HOCM Tx
HOCM Tx
April -
Following link reiterates treatment description in Ross's link, plus some general overview info about HOCM (if it's helpful to you). Unfortunately, no info on re-growth / re-op.
http://www.heartcenteronline.com/myheartdr/common/artprn_rev.cfm?filename=&ARTID=430
"If medication is not successful, a permanent pacemaker may be considered. A pacemaker controls the heartbeat by pacing the heart at a slightly faster rate than the patient's natural heartbeat. This treatment may be successful in reducing the major symptoms, chest pain and shortness of breath, in about 50 percent of patients. It is typically used in patients with hypertrophic obstructive cardiomyopathy (HOCM). By creating an abnormal pattern of electrical activity in the ventricle, the extent of the obstruction by the thickened muscle can be reduced.

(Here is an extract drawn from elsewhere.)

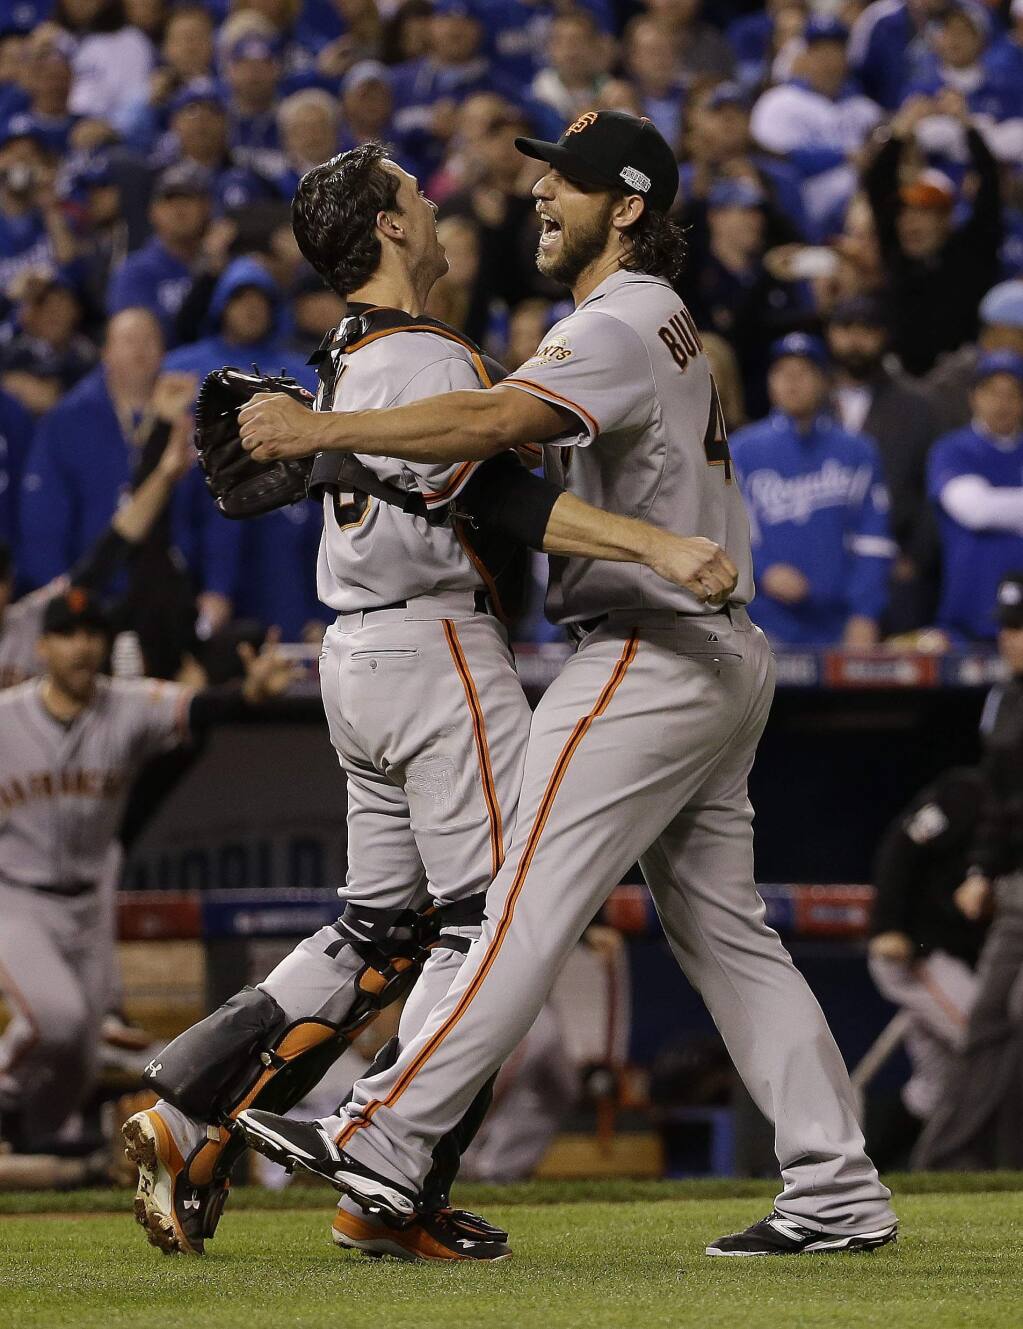 Buster Posey & Madison Bumgarner celebrate winning Game 7 of the

In about five percent of cases, the blockage created by the heart?s enlargement must be reduced by surgical means. One procedure used is a septal myomectomy. This surgery involves the removal of part of the thickened septum (the muscular wall between the left and right ventricles). About 75 percent of patients show some long-term improvement after this procedure. In some cases, the mitral valve may need to be replaced. A mitral valve replacement may accomplish the following:
1) Improved blood flow out of the ventricles, because it removes the portion of the mitral valve that had been moving into the area of the septum and obstructing blood flow out of the ventricles.

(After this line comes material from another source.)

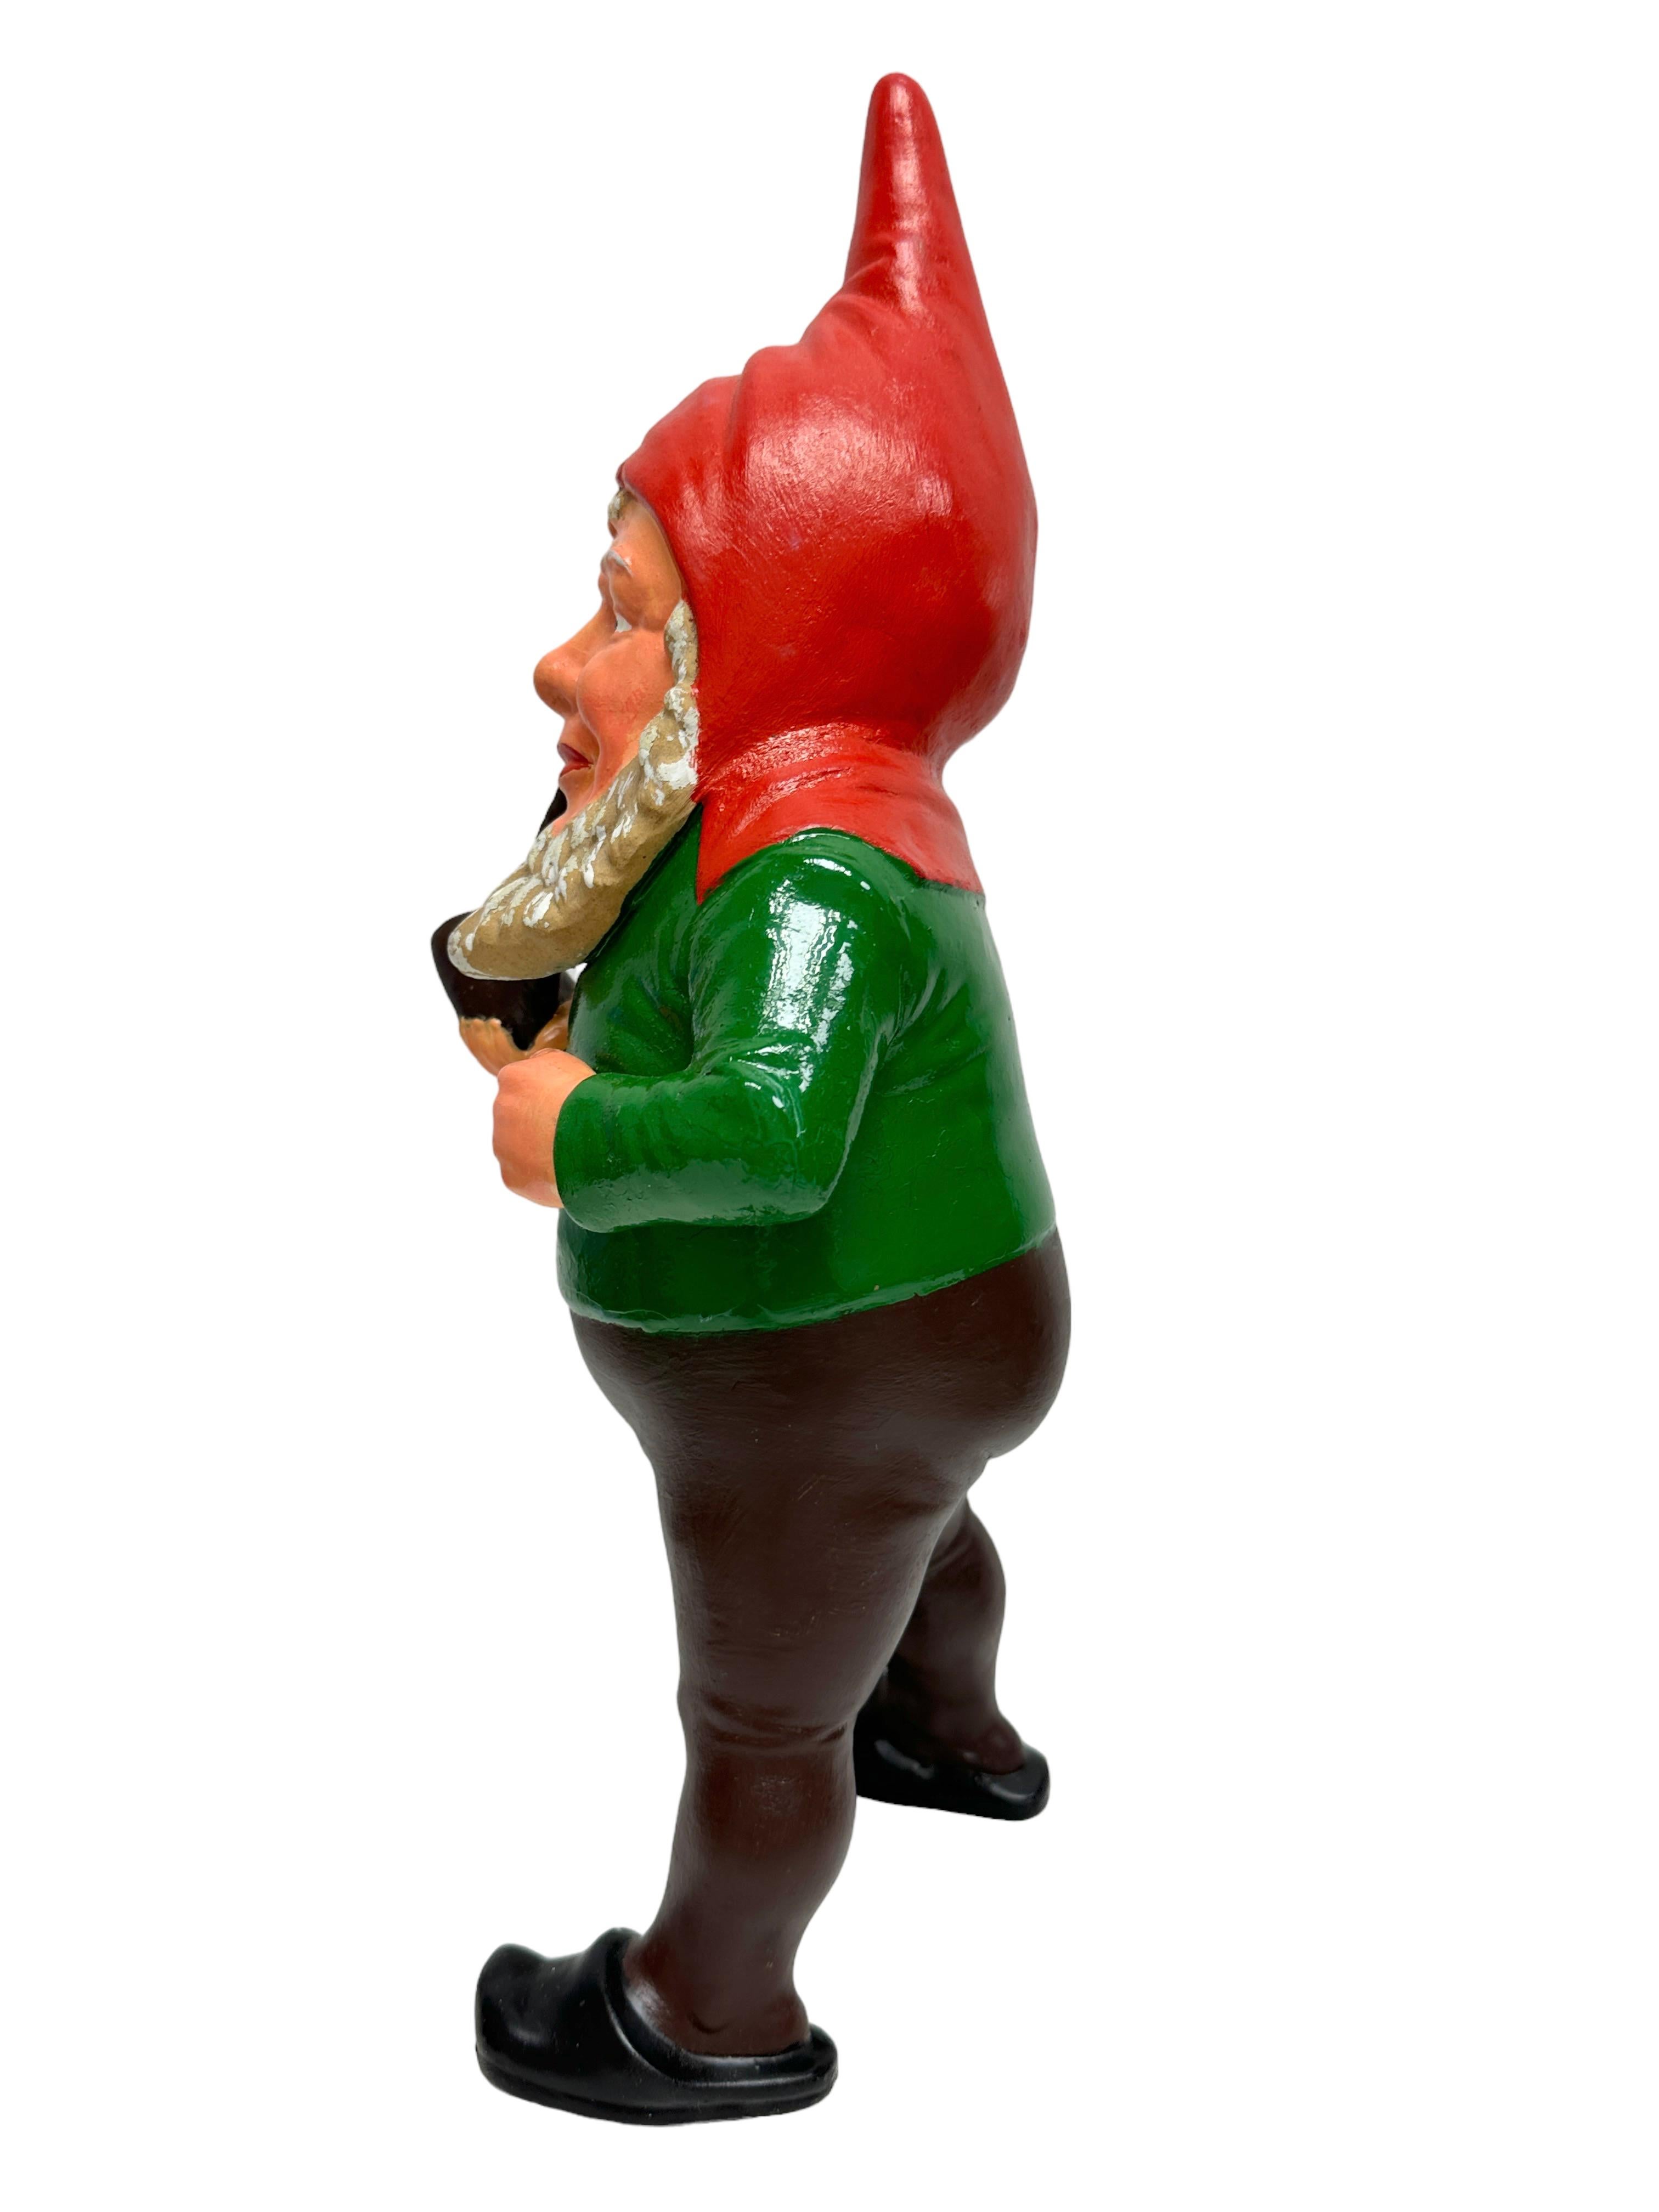 A gorgeous character ceramic figural gnome statue. This character statue has been made in Germany, in the 1920s or older. Absolutely gorgeous item with lots of character and still in good, used condition, without damage. Some paint lost, but this is

2) Reduction of a severe leakage, called mitral regurgitation, which can contribute to symptoms of heart failure in this situation.
A relatively new procedure called alcohol ablation is also available for people with hypertrophic obstructive cardiomyopathy. This minimally invasive treatment, which may be administered during cardiac catheterization, involves the destruction of certain heart cells with ethanol (alcohol) to shrink the heart muscle and increase the space for blood to flow. The ethanol can be placed in a specific branch of one of the heart's arteries that provides blood to the septum. Early results have been promising, showing long-term benefit as well as shorter recovery periods compared to traditional surgery. One common complication, however, has been the development of heart block, requiring implantation of a pacemaker. But, researchers are already seeing a decrease in the rate of complications as the technique has evolved, and envision alcohol ablation as a standard therapy in some types of hypertrophic cardiomyopathy.
Because a hypertrophic cardiomyopathy can cause potentially fatal arrhythmias, an electrophysiology study may be performed to determine whether an internally implantable cardioverter defibrillator (ICD) is necessary. In an electrophysiology study, the physician uses a catheter technique to feed a thin tube (catheter) through a blood vessel (vein) in the body to the right ventricle of the heart. There, the physician tries to create a very fast heart rhythm (ventricular tachycardia) by introducing premature electrical impulses. If no ventricular tachycardia is created, then the patient is judged to be at lower risk of experiencing this condition in the future. On the other hand, if the ventricular tachycardia was elicited, then an ICD may be necessary.